In recent years, Barak’s High Court has ruled that it ‘unreasonable’ of the government to order the closing of Orient House, despite the affront to our sovereignty in Jerusalem occasioned by its operation and despite the PA’s violation of agreements in this regard. The Court ruled it ‘unreasonable’ to compromise and close Bar-Ilan Street in Jerusalem for several hours on Shabbat, despite the fact that a public committee of prominent religious and secular Jews – far more representative of Israeli society than the Supreme Court! — had found otherwise.

 

It was ‘unreasonable’ for the representative Censor Board to block the staging of Yitzhak Laor’s repulsive play “Efraim Returns to the Army”. Why? Because we are an “enlightened democratic society”, said the Court. “Enlightened” is now a Court-determined legal standard, not a subjective and infinitely-malleable value judgement.

 

It was unreasonable of the Prison Authority’s parole board and the President of Israel to shorten the sentence of Yoram Skolnick, a Jew who murdered Arabs. “I suspect political motivation here”, Barak outrageously wrote in his judgement. Barak, of course, has ruled it perfectly reasonable to free Arab murderers, on more than one occasion, as part of our Oslo deals with the PA. No suspect ‘political motivation’ there, I guess.

 

It is unreasonable to spank kids, the Court has ruled, or to uphold standards of uniformity on monument inscriptions in military cemeteries. When there were eight or ten thousand haredi boys getting draft exemptions the Court ruled this reasonable, several times. But when the number grew to twelve thousand or more this became ‘unreasonable’ and was ruled illegal. Again, this is ‘law’, not a subjective value judgement, you understand?

 

It is reasonable to allow the Women of the Wall to pray in a manner offensive to most worshippers at the Western Wall, despite the disturbance involved and the massive police presence require to make this feasible. On the other hand, the demand of religious Jews to pray on the Temple Mount is unreasonable because this would disturb the Arabs and require a massive police presence.

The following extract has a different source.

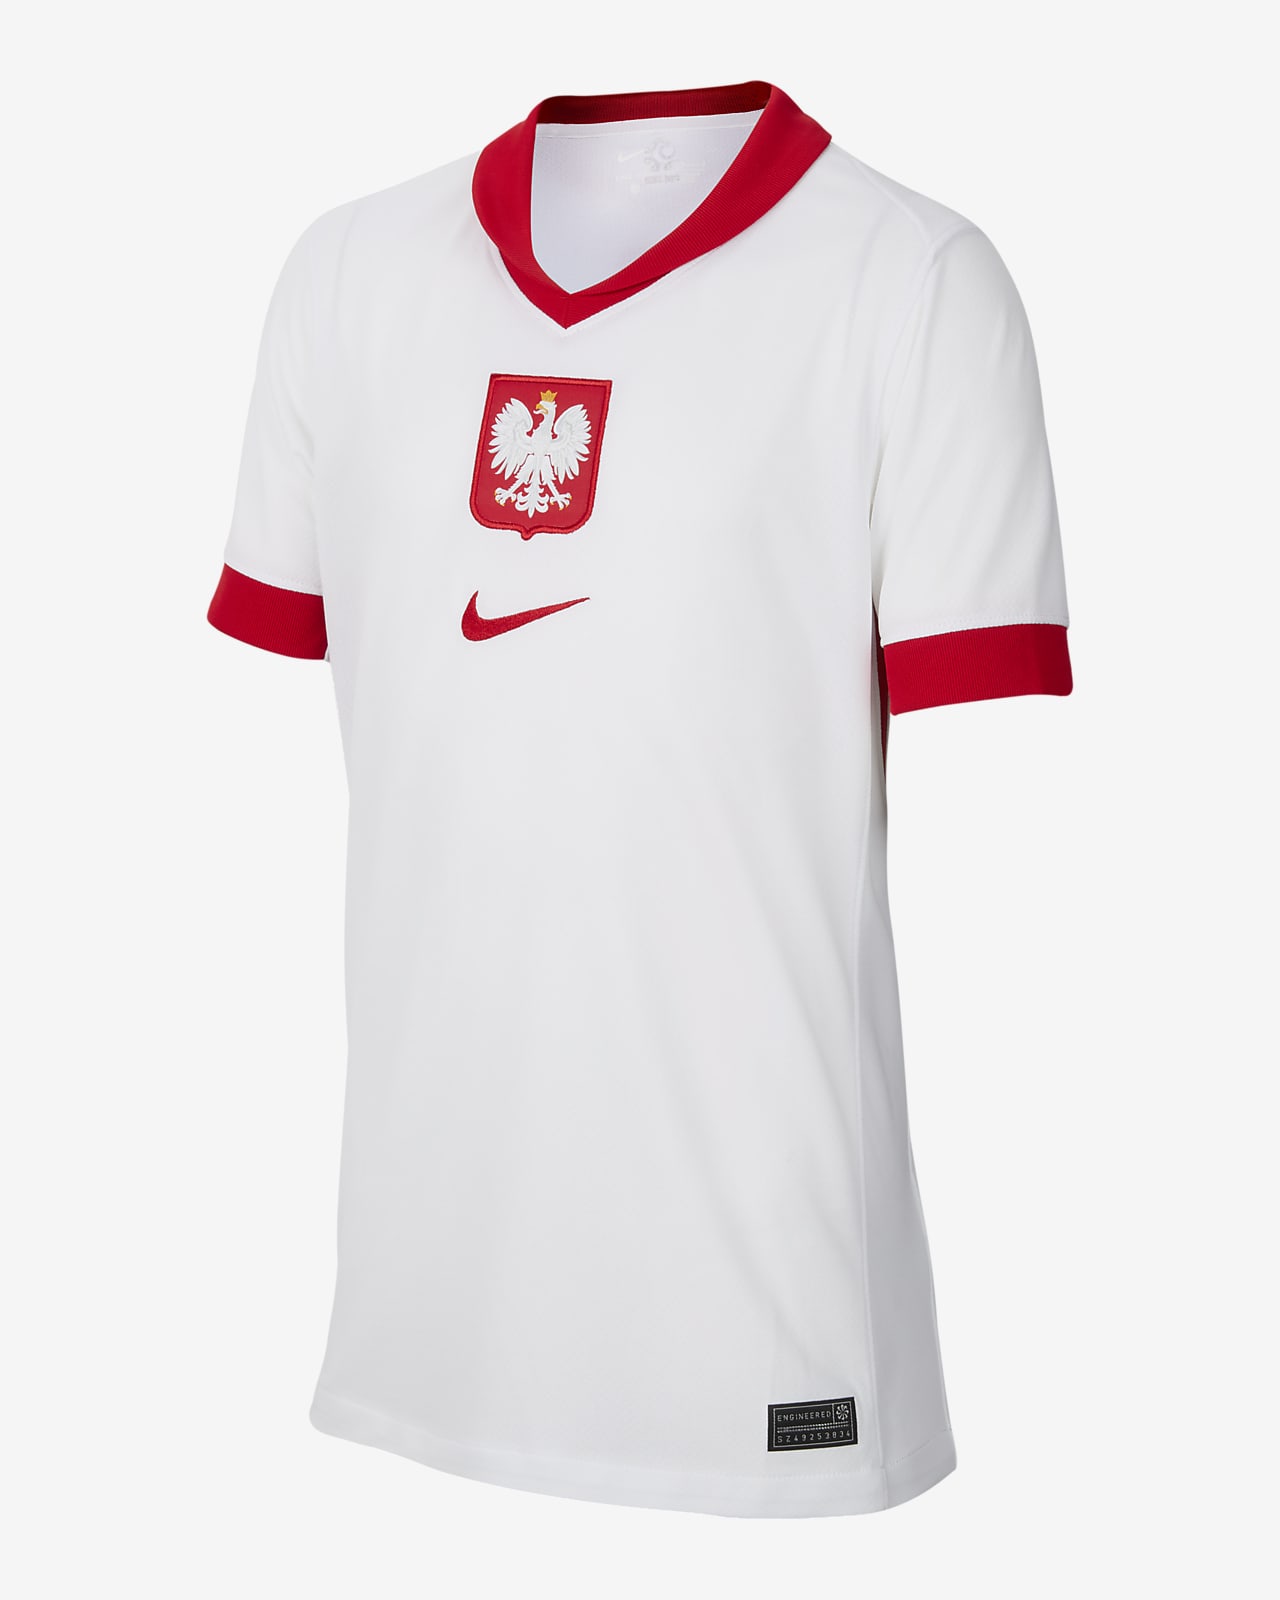 Pop Threads Poland Soccer National Team Football Retro Crest Baby Toddler  Kids Girl Boy T-Shirt, Infant

Get it?

 

It was unreasonable to give distinguished editor Shmuel Schnizter the Israel Prize because of one offensive column he wrote over the course of a sterling thirty year career in journalism. But it was reasonable to give Shulamit Aloni the Israel Prize for public service, despite a thirty year career which specialized in attacking and offending the religious public.

 

What’s next? Well, was the government decision to pull out of Lebanon a ‘reasonable’ decision, given the risks and costs involved? Would a decision by the Prime Minister and IDF Chief of Staff to dismantle West Bank settlements be a ‘reasonable’ decision, given the penalty incurred to people living there? How about a cabinet decision to cut-off relations with the United States? Would that be ‘reasonable’? Justice Barak will decide.

 

There are no limits, at present, to Justice Barak’s ability to intervene in all these matters as he sees fit. Everything is judicable (a Barak innovation) and everything is subject to Barak’s personal ‘Richter scale’ of propriety.

 

Israeli political and legal life thus has become completely unpredictable, because what is right and what is wrong depends on Aharon Barak’s personality. As the recent Katzir decision shows, Barak feels perfectly fine about changing his mind or mood or conscience every once in a while, and concomitantly reordering-in-a-flash significant tracts and principles of Israeli law or national policy.

 

I think that it would be reasonable for the Knesset to legislate limits on the High Court’s reach. Don’t you?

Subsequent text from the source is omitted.